WHAT THE EXERCISE ASKS:
Return the listing below unchanged, minus its pictures.

INFORMATION SHOWN:
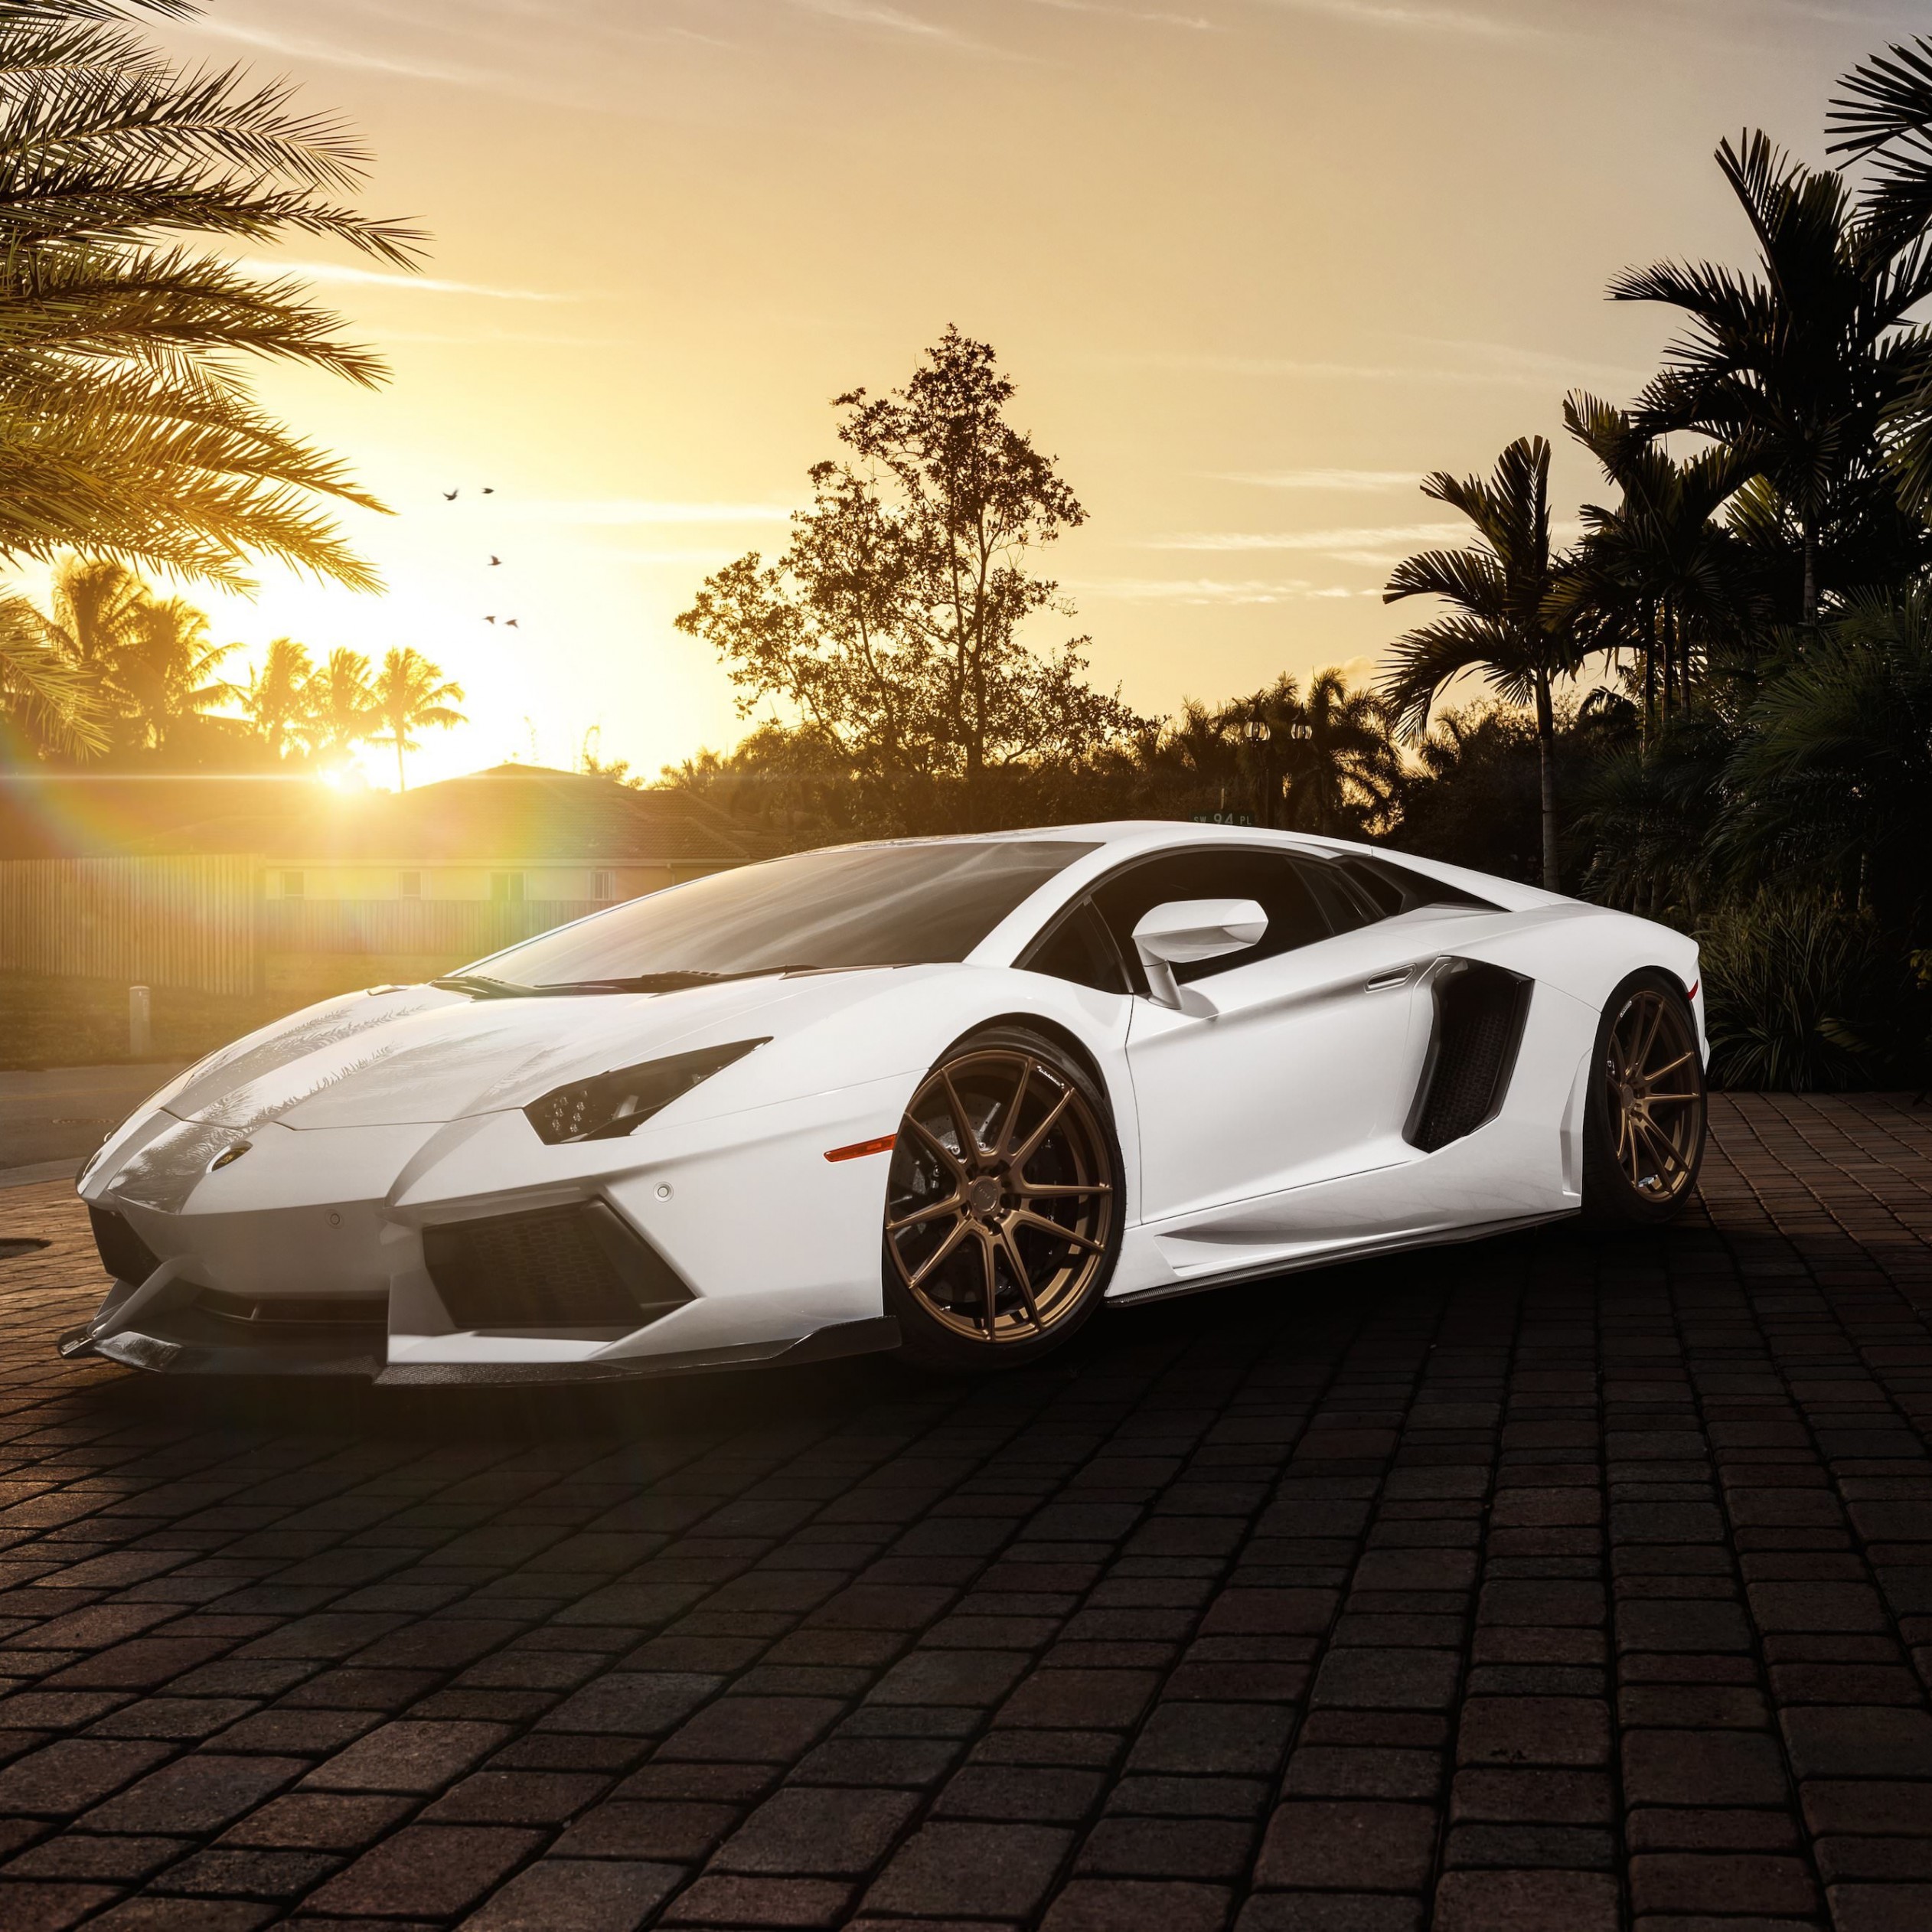 Lamborghini Aventador LP700-4 in White Wallpaper for Apple iPad Air
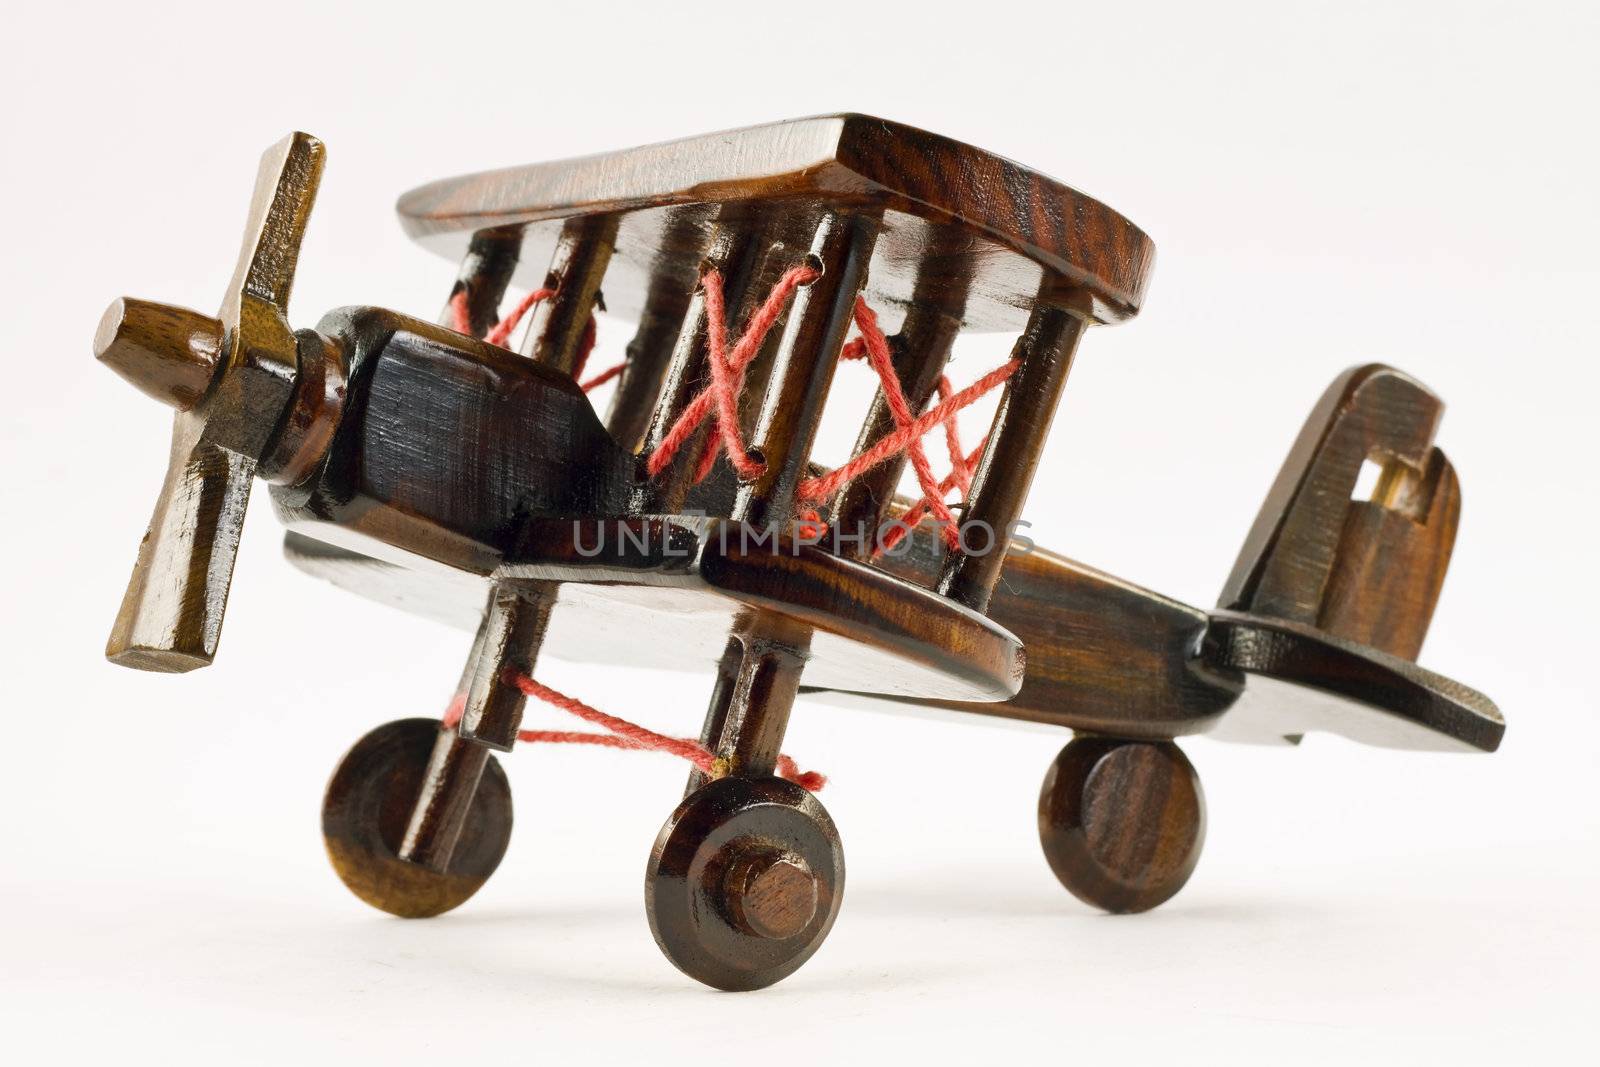 Retro wooden toy aeroplane by Jaykayl
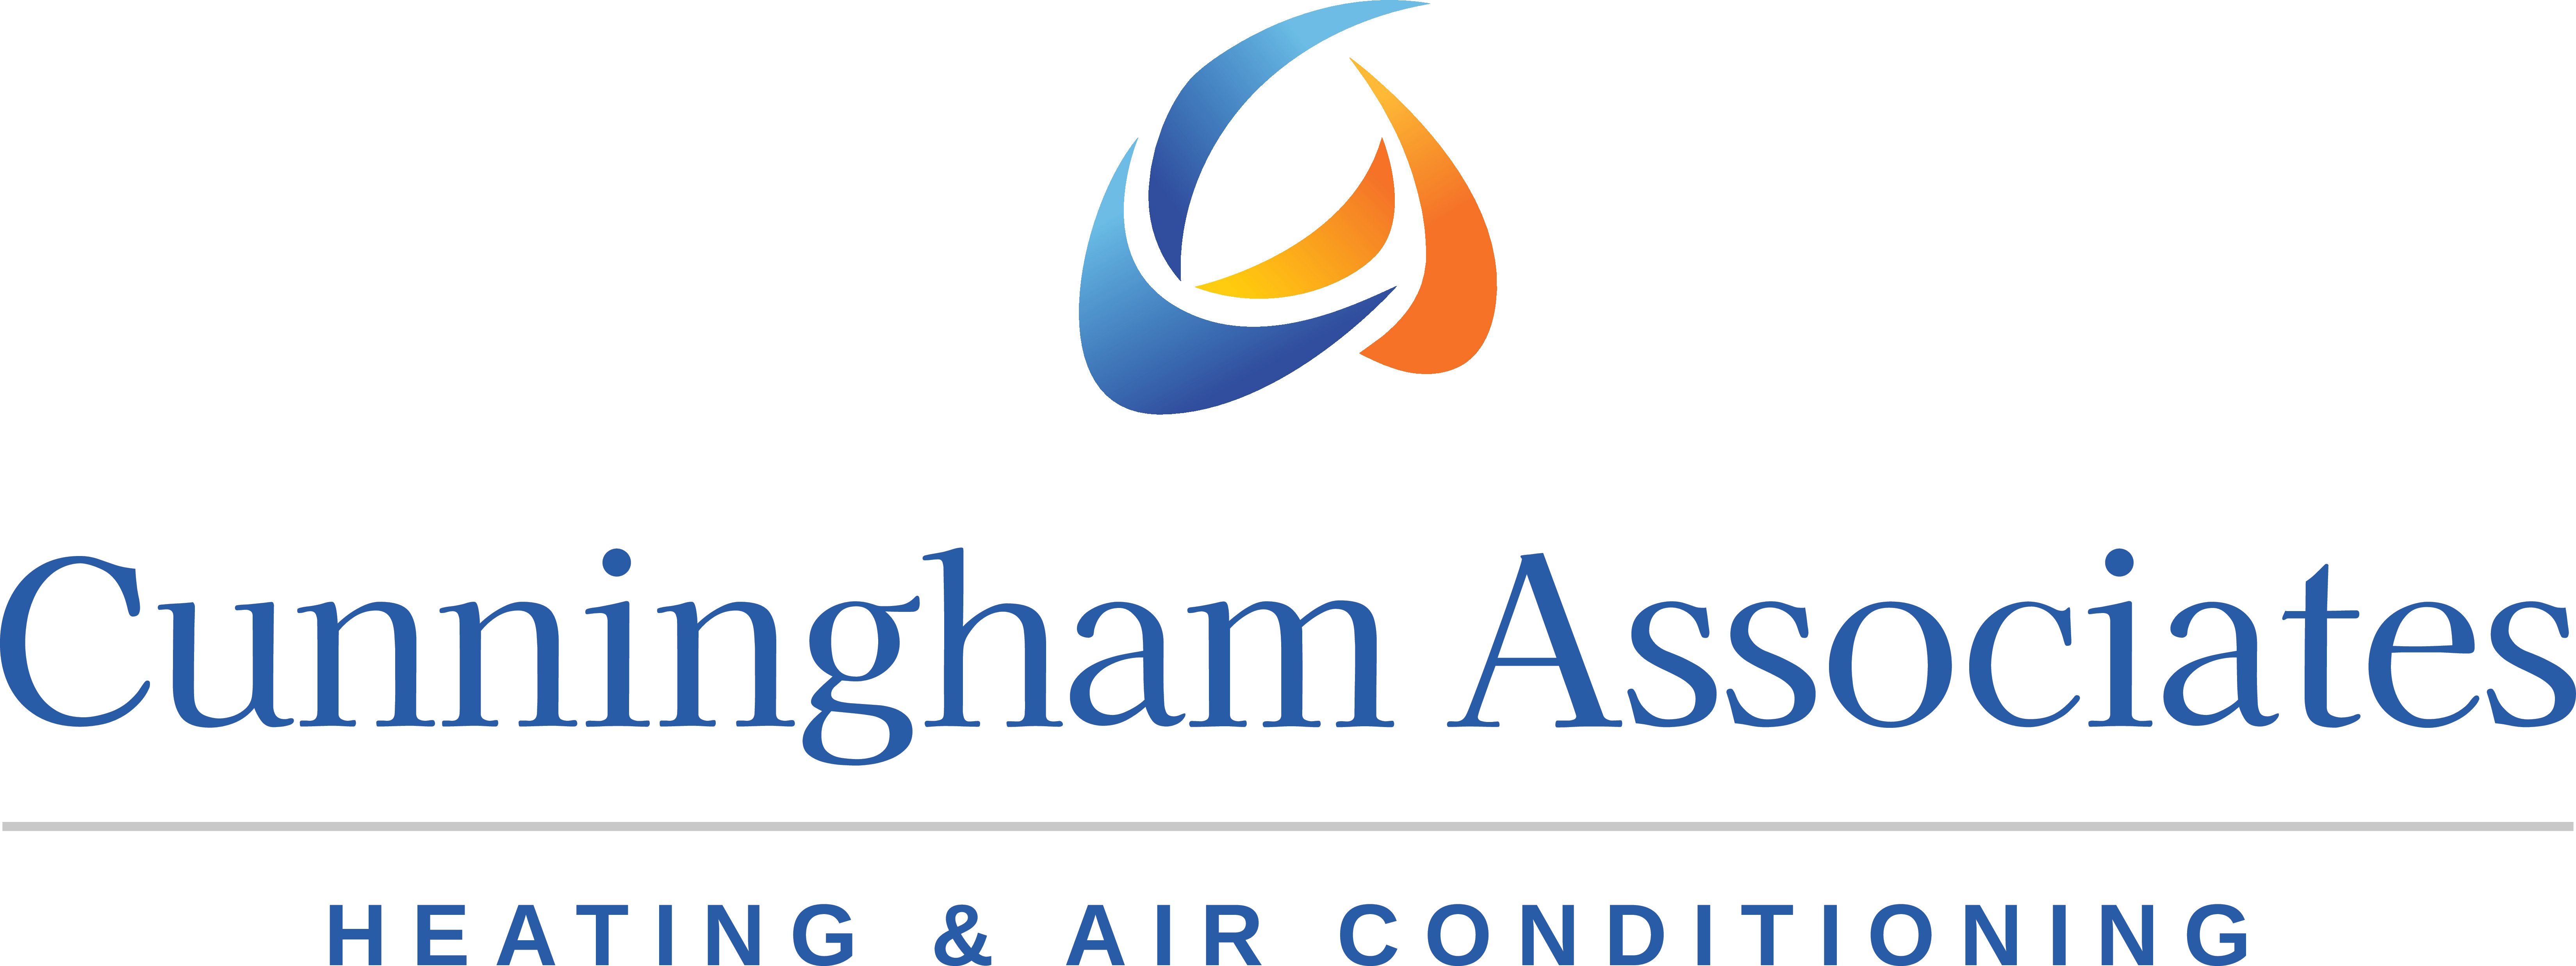 Cunningham Associates Heating & Air Conditioning Logo

SOLUTION TO THIS PROBLEM:
 Lamborghini Aventador LP700-4 in White Wallpaper for Apple iPad Air
 Retro wooden toy aeroplane by Jaykayl
 Cunningham Associates Heating & Air Conditioning Logo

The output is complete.